41. Processing, combination, mixing

41.1 Changes to the Early Access Products by the Project Participant require the prior consent of LZE. This applies in particular to additions or installations. If consent is granted in individual cases, the project participant shall restore the original condition upon return/return of the Early Access Products in accordance with Sections 36.6 or 36.7 of these GTC at the request of LZE. The customer undertakes not to decompile, disassemble, decrypt, extract or otherwise reverse engineer the delivered Early Access product or parts thereof without the prior written consent of LZE

41.2 In the event of processing of the delivered Early Access products, LZE shall be deemed the manufacturer and shall acquire ownership of the newly created goods. If the processing is carried out together with other materials, LZE shall acquire ownership of the resulting goods in proportion to the market value of its products to that of the other materials. If, in the event of the combination or mixing of LZE's products with an item belonging to the project participant, the latter is to be regarded as the main item, co-ownership of the item shall pass to LZE in the ratio of the market value of LZE's product to the market value of the main item. In such cases, the project participant shall be deemed to be the custodian.

42. Liability for defects/warranty

If the Early Access product is defective, the provisions of statutory liability for defects shall apply. Notwithstanding this, the following shall apply:

42.1 Claims for defects shall not arise in the event of natural wear and tear or damage occurring after the transfer of risk as a result of incorrect or negligent handling, excessive strain, unsuitable operating materials or special external influences not provided for in the contract. If the project participant or third parties carry out improper modifications or repair work, no claims for defects shall arise for these and the resulting consequences, unless the project participant can prove that the reported malfunction was not caused by these modifications or repair work.

42.2 For new early access products, the limitation period for claims for defects is one year from delivery of the early access product. For used early access products, rights and claims for defects are excluded.

42.3 The above limitations of liability and reductions in the limitation period do not apply

– to Early Access products that have been used for a building in accordance with their normal use and have caused its defectiveness,

– to claims for damages and reimbursement of expenses by the project participant, and

– in the event that LZE has fraudulently concealed the defect.

42.4 In the event of subsequent performance, LZE shall have the right to choose between repair or replacement.

42.5 If a replacement delivery is made within the scope of liability for defects, the limitation period shall not recommence.

42.6 If subsequent performance has been effected by way of a replacement delivery, the project participant is obliged to return the Early Access product originally delivered to LZE within 30 days.

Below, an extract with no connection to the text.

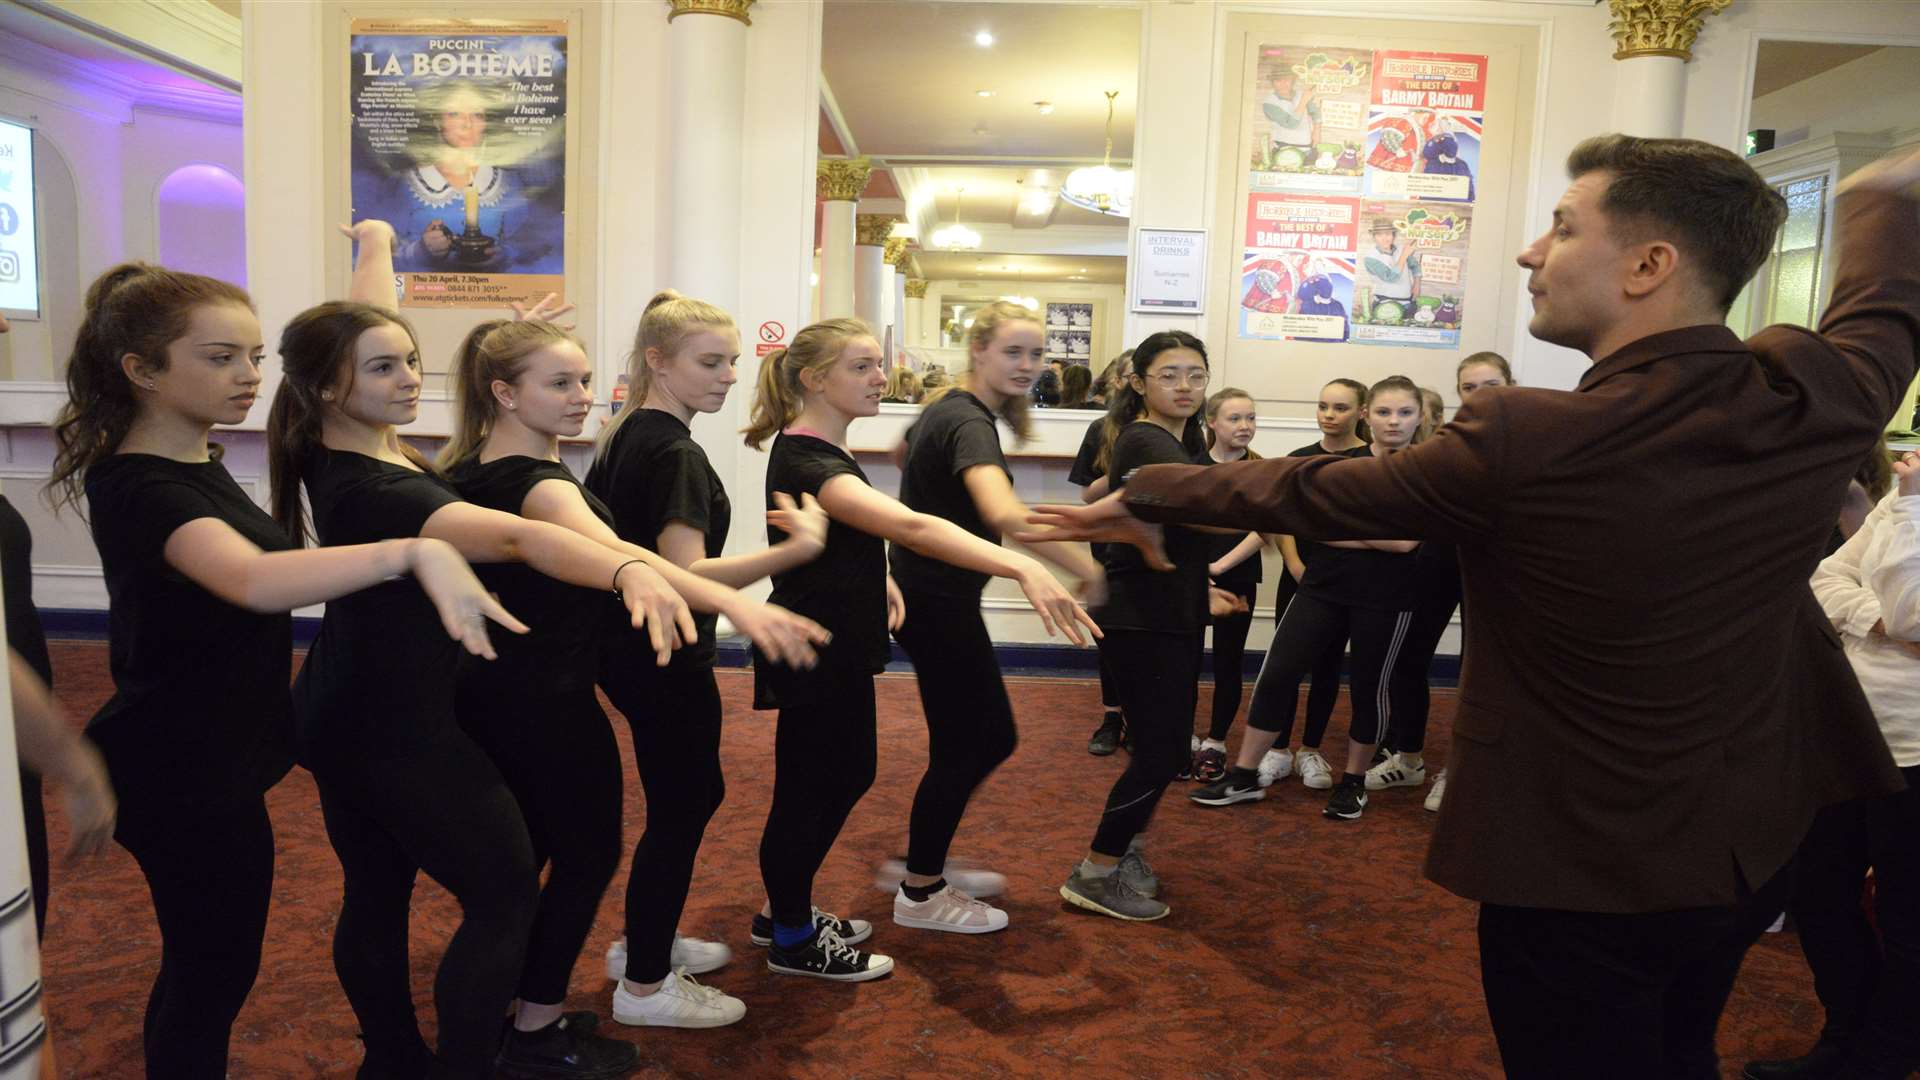 Pasha puts pupils from Julie's Dance School through their paces in rehearsals at Leas Cliff Hall in Folkestone

The return package must contain the reason for the return, the name of the project participant and the number assigned for the provision of the defective Early Access product, which enables LZE to identify the returned Early Access product. If and to the extent that it is not possible to assign the return shipment for reasons for which the project participant is responsible, LZE is not obliged to accept returned Early Access products. The costs of a new shipment shall be borne by the project participant.

42.7 If LZE delivers a defect-free Early Access Product for the purpose of subsequent performance, LZE may claim compensation for use from the project participant in accordance with Section 346 (1) of the German Civil Code (BGB). Other legal claims remain unaffected.

42.8 Clause 7 of these General Terms and Conditions applies to claims for damages by the contractual partner. The limitations of liability resulting from Section 7 shall not apply if LZE has fraudulently concealed the defect or – in individual cases – has assumed a guarantee for the quality of the product. The same shall apply if LZE and the contracting party have reached an agreement on the quality of the product.